Peer-to-peer networks make finding and sharing child pornography as easy as the click of a mouse, and cheap storage means people can collect more of it.

"There is such a craving for this material," Jones said. "And all people have to do now is turn on their computer and it’s done."

The newest challenges for detectives are social networking sites such as Facebook and Flickr, where users post family photos often without a second thought. If the images are not made private, they can be accessed by almost anybody.

"Once you put a photo on the Internet you can’t take it back,” Jones said. “You have to be cautious about what you post online."
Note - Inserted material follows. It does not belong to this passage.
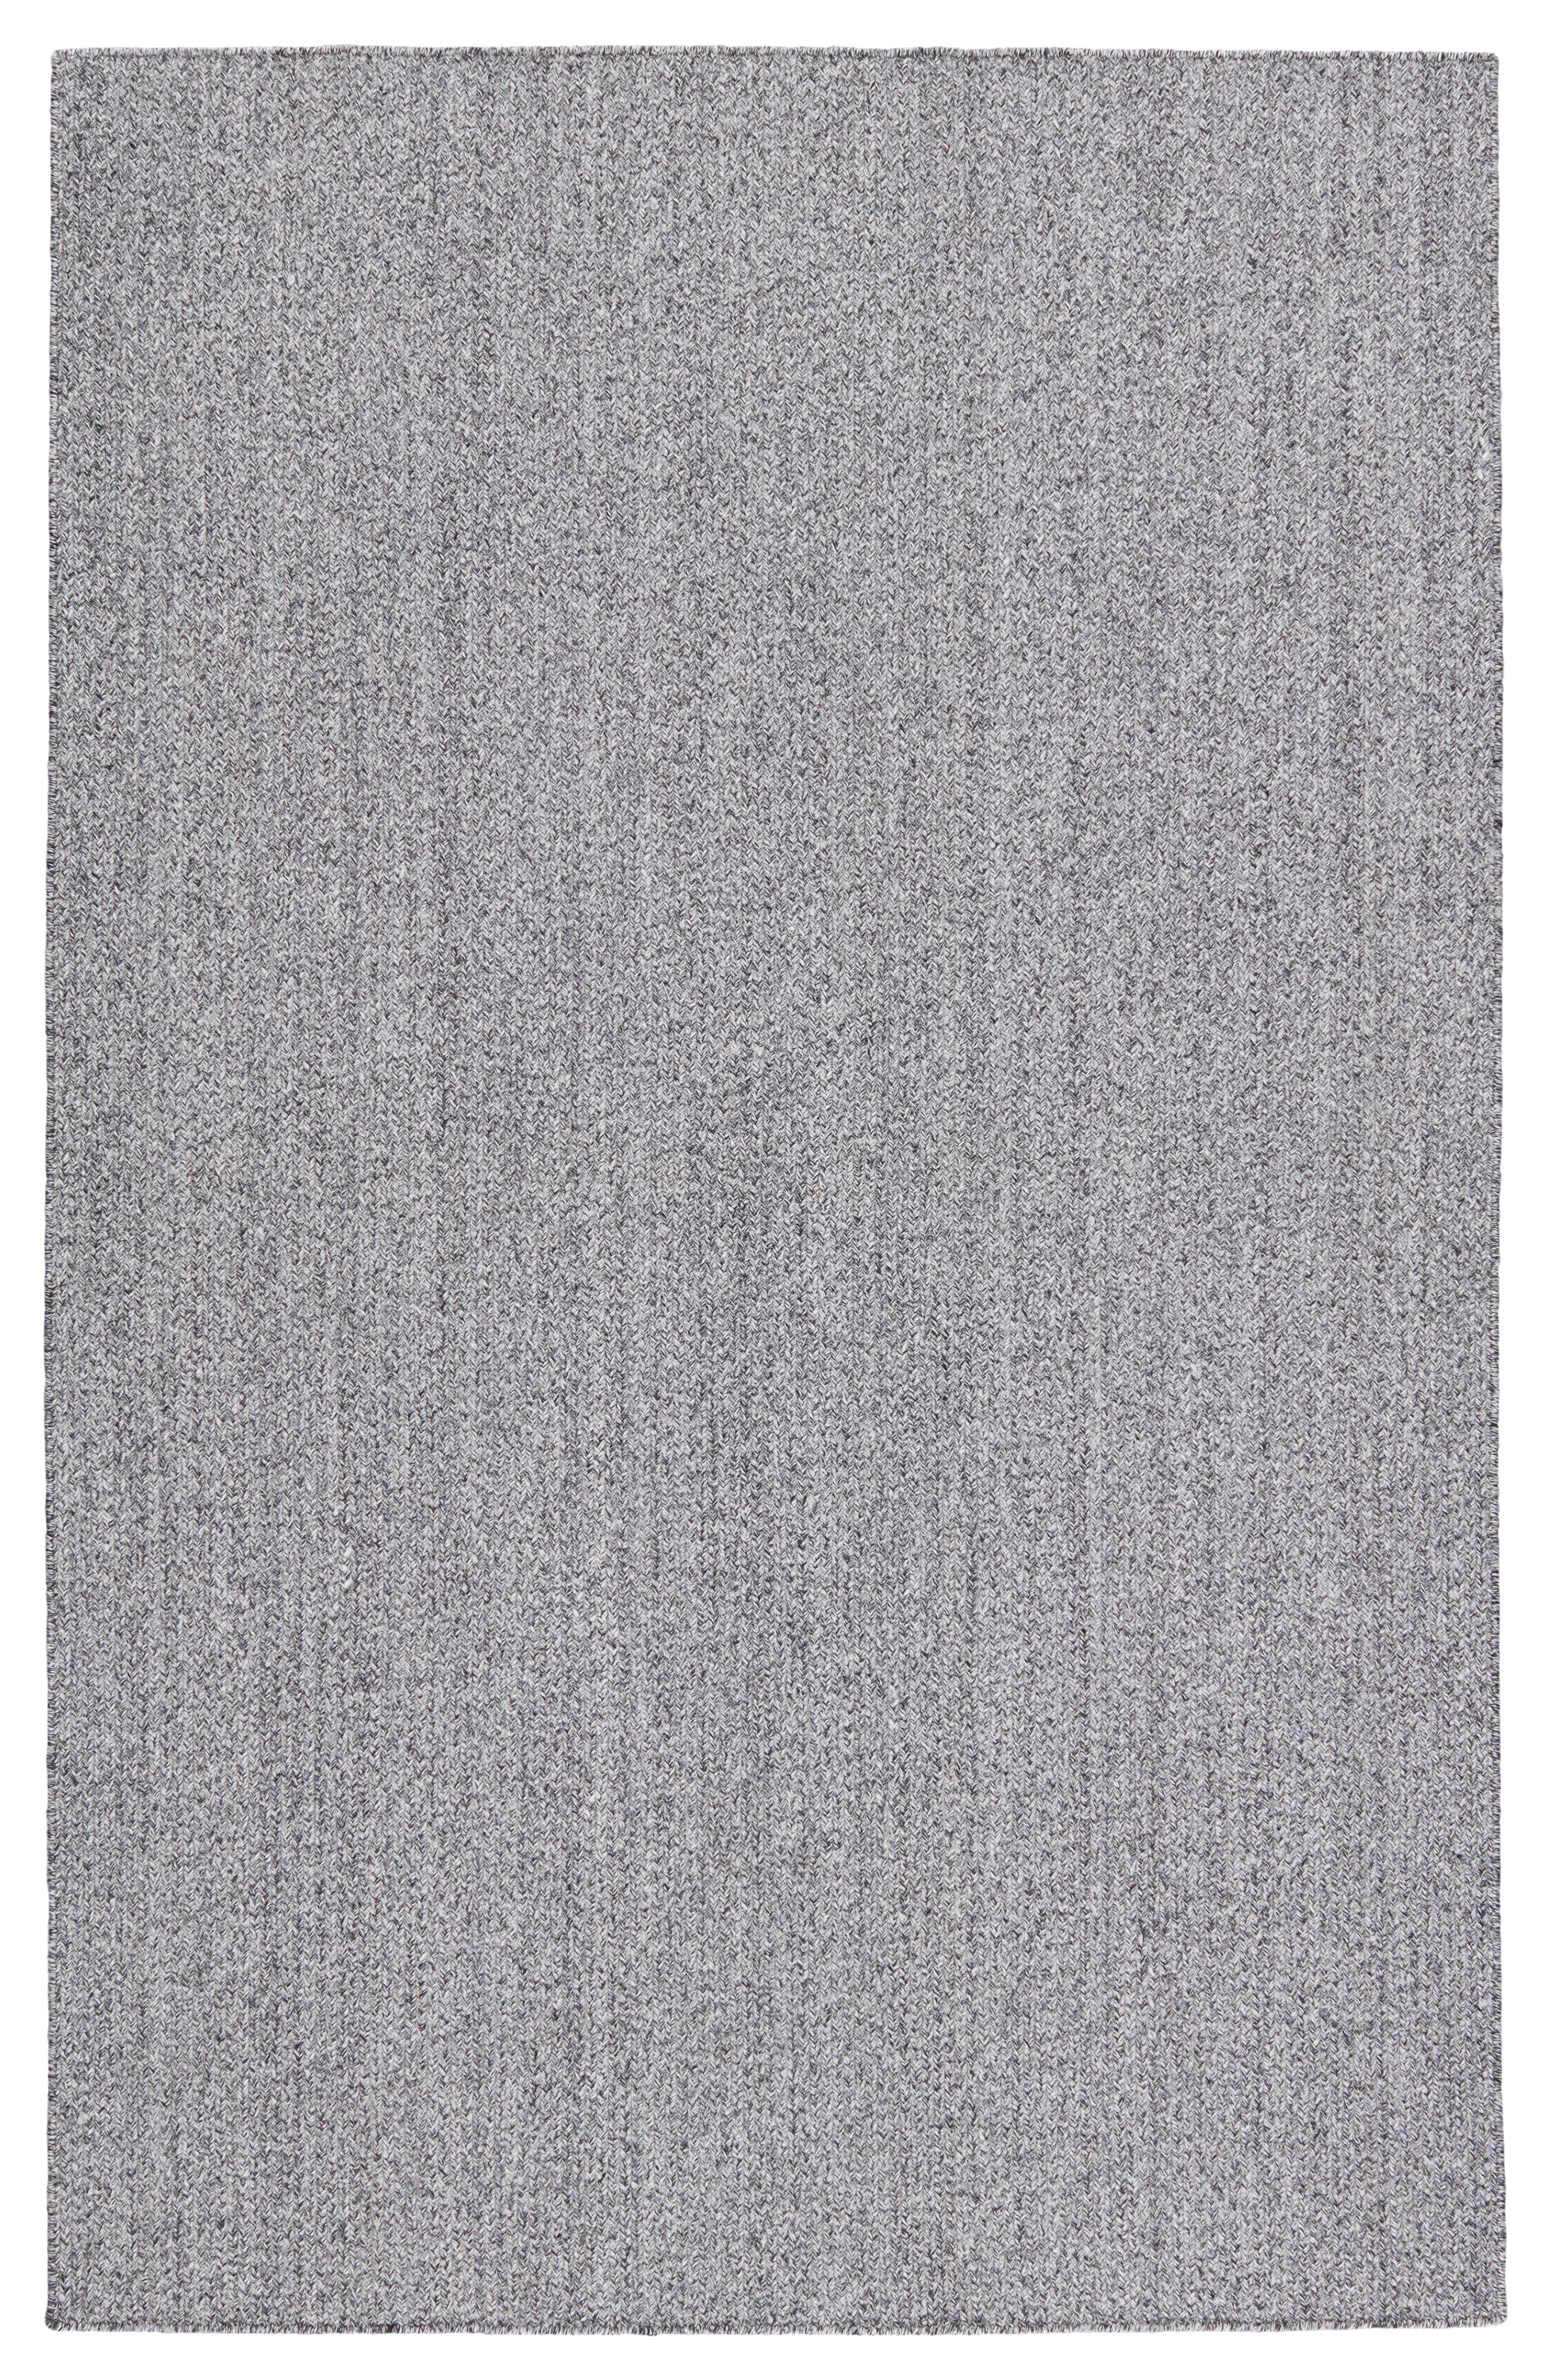 Maracay Indoor/ Outdoor Solid Black/ White Area Rug (5'X8') - Image 0

A lot of the material the detectives come across originates in Russia and Eastern Europe. That’s why U.S. Immigration and Customs Enforcement is one of the agencies with which the task force works closely. It also partners with federal prosecutors, the FBI and seven other regional task forces in Missouri.

Yet for all the agencies working on the problem, the detectives say there’s much more that could be done.
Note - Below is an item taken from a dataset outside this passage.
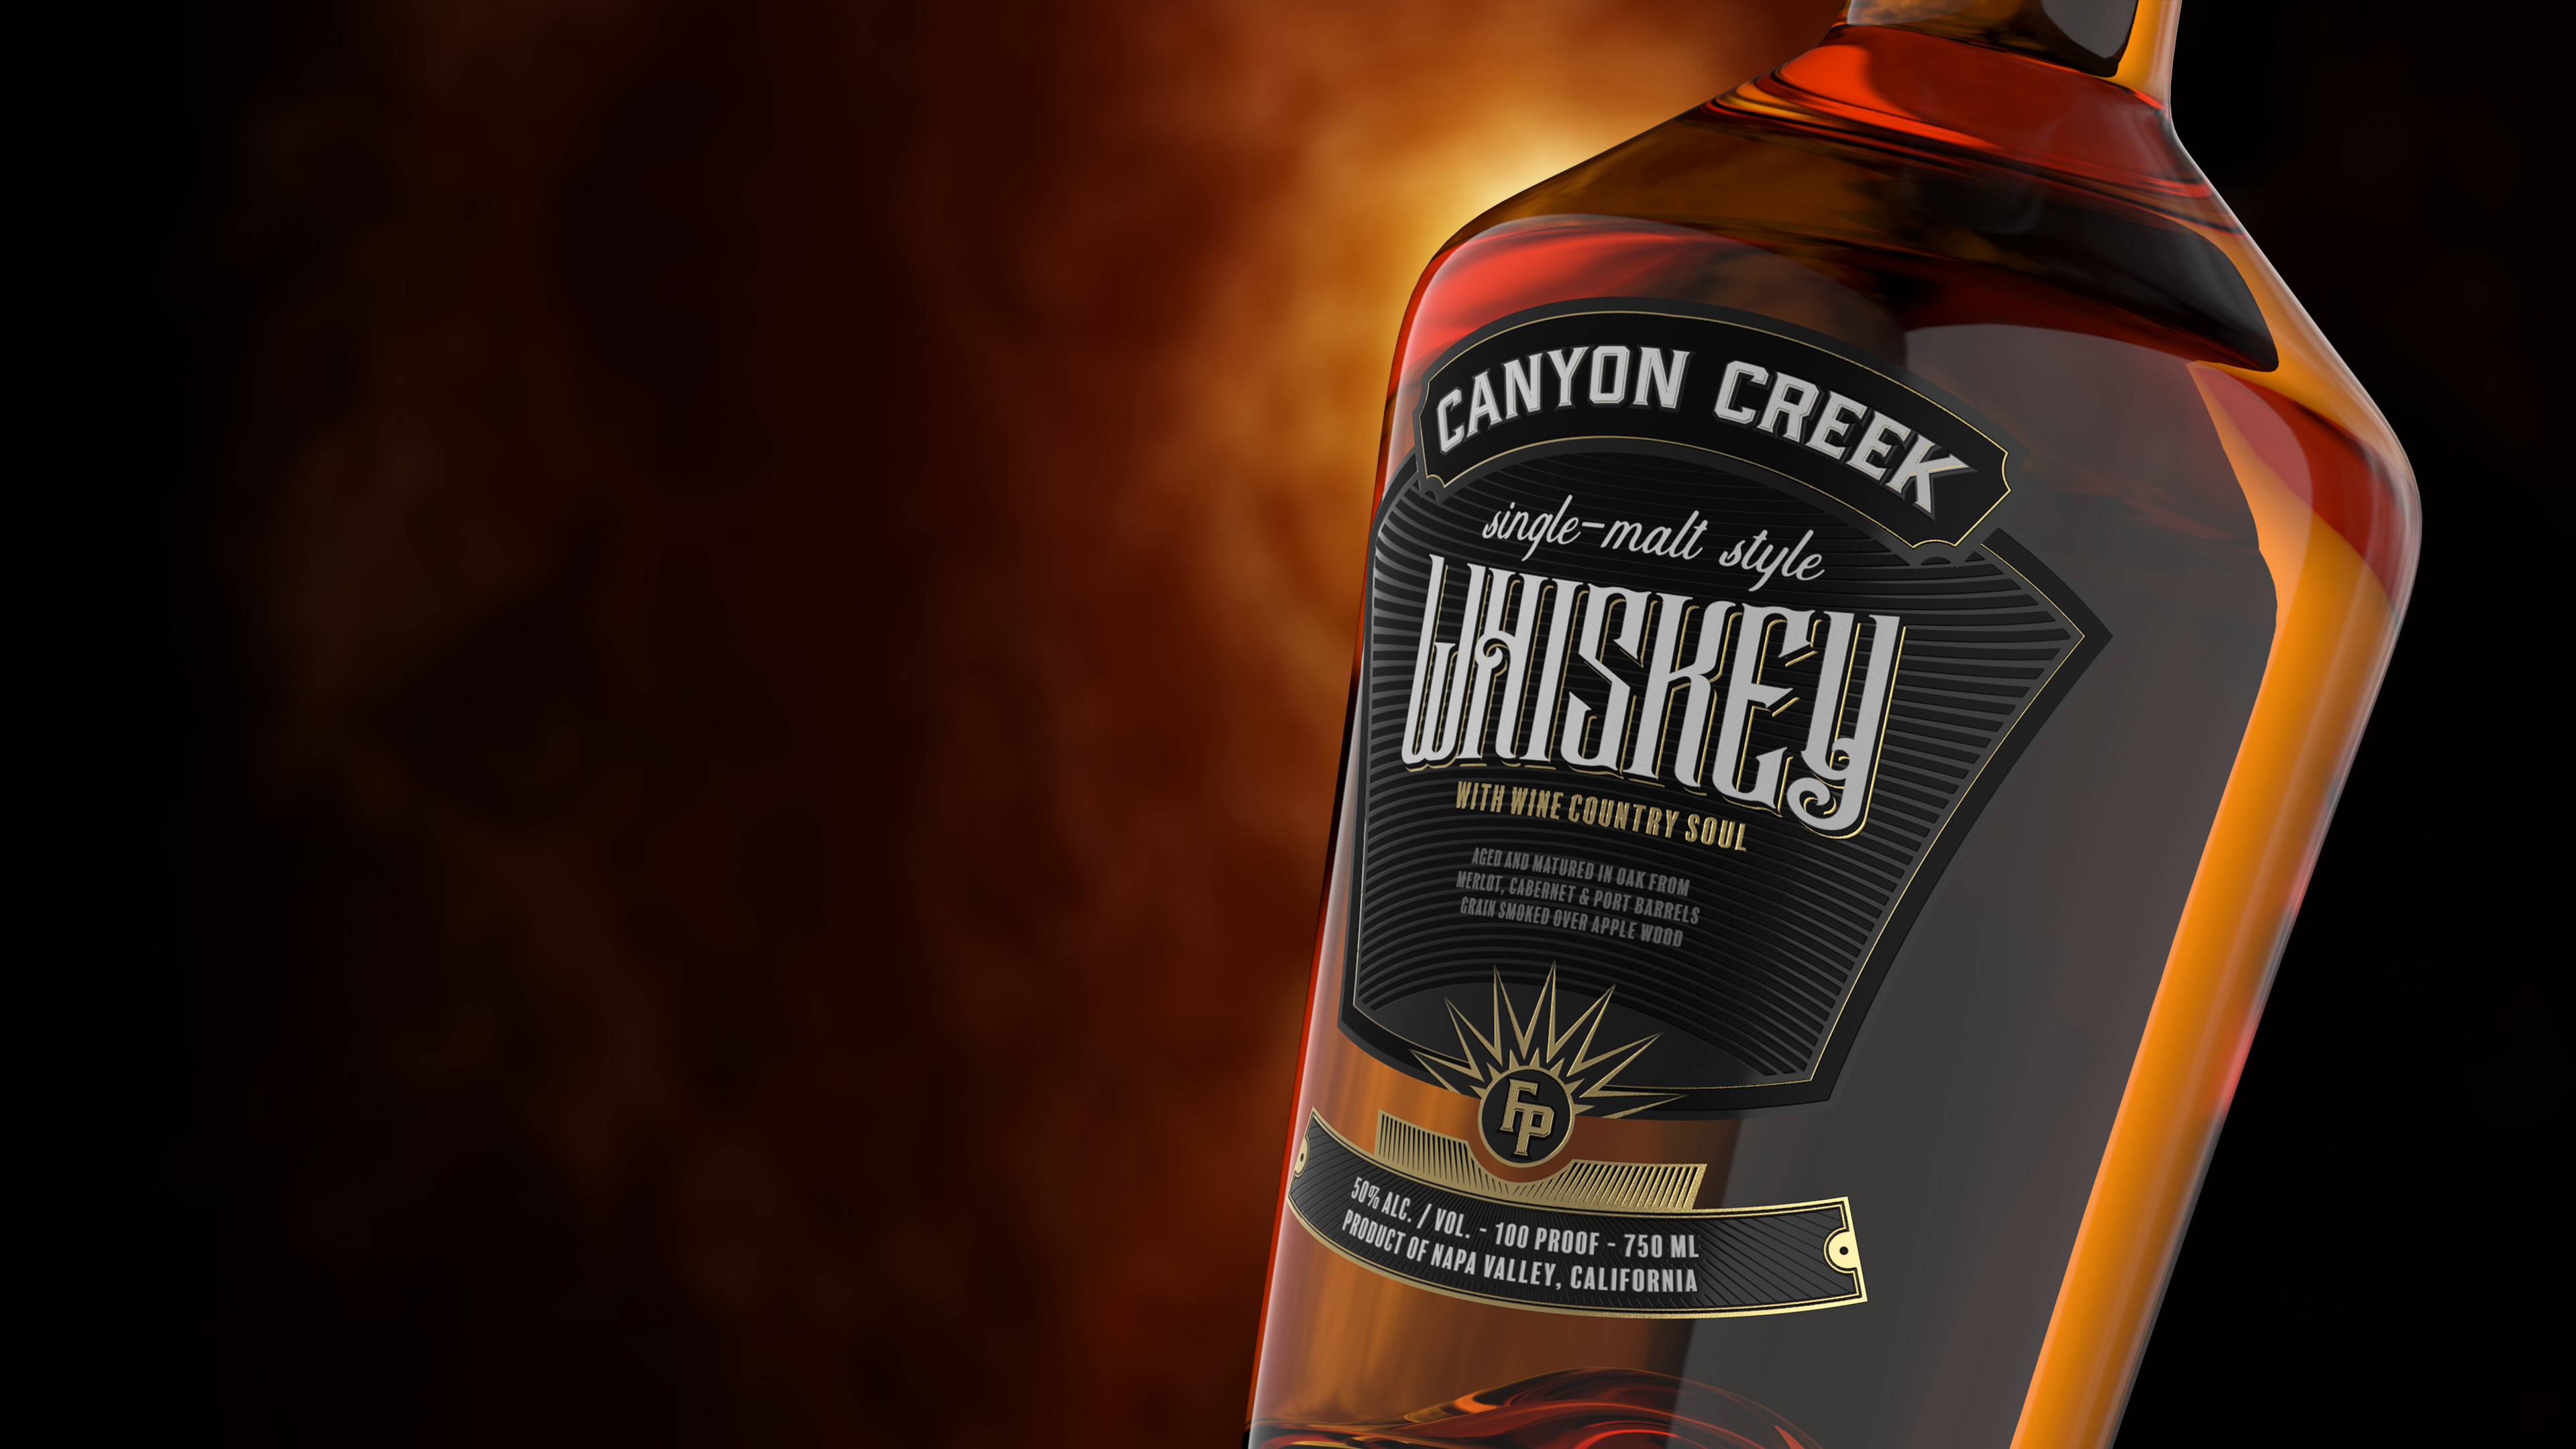 Canyon Creek Whiskey – Product Visualization

"Child porn is way out of hand," Anderson said. "We could do so much more if we had the resources, but we can’t. It’s frustrating."

The task force is funded by a combination of grants and contributions from local law enforcement agencies. In July, Gov. Jay Nixon allocated about $195,000 to help pay for detectives’ salaries and additional training.

But earlier this fall the task force lost a full-time detective when the Columbia Police Department pulled Mike Lederle from the office for budget reasons. Lederle specialized in forensic examinations, and his departure will be a big loss for the unit, the detectives said.

"Sometimes you can catch fish a lot faster than you can clean ‘em up," Sullivan said. That means the task force can identify suspects, but they need the special skills of forensic examiners to analyze computers and other electronic evidence. Capt. Scott Richardson of the MU Police Department conducts forensic examinations part-time for the unit.

Although the detectives realize they will never fully put a stop to the flow of material over the Internet, they take solace in the fact that they are making a difference in their small corner of the world.

"It’s real rewarding to be able to stop this activity," Anderson said. "For every person we locate and identify, that’s one less person committing crimes against kids."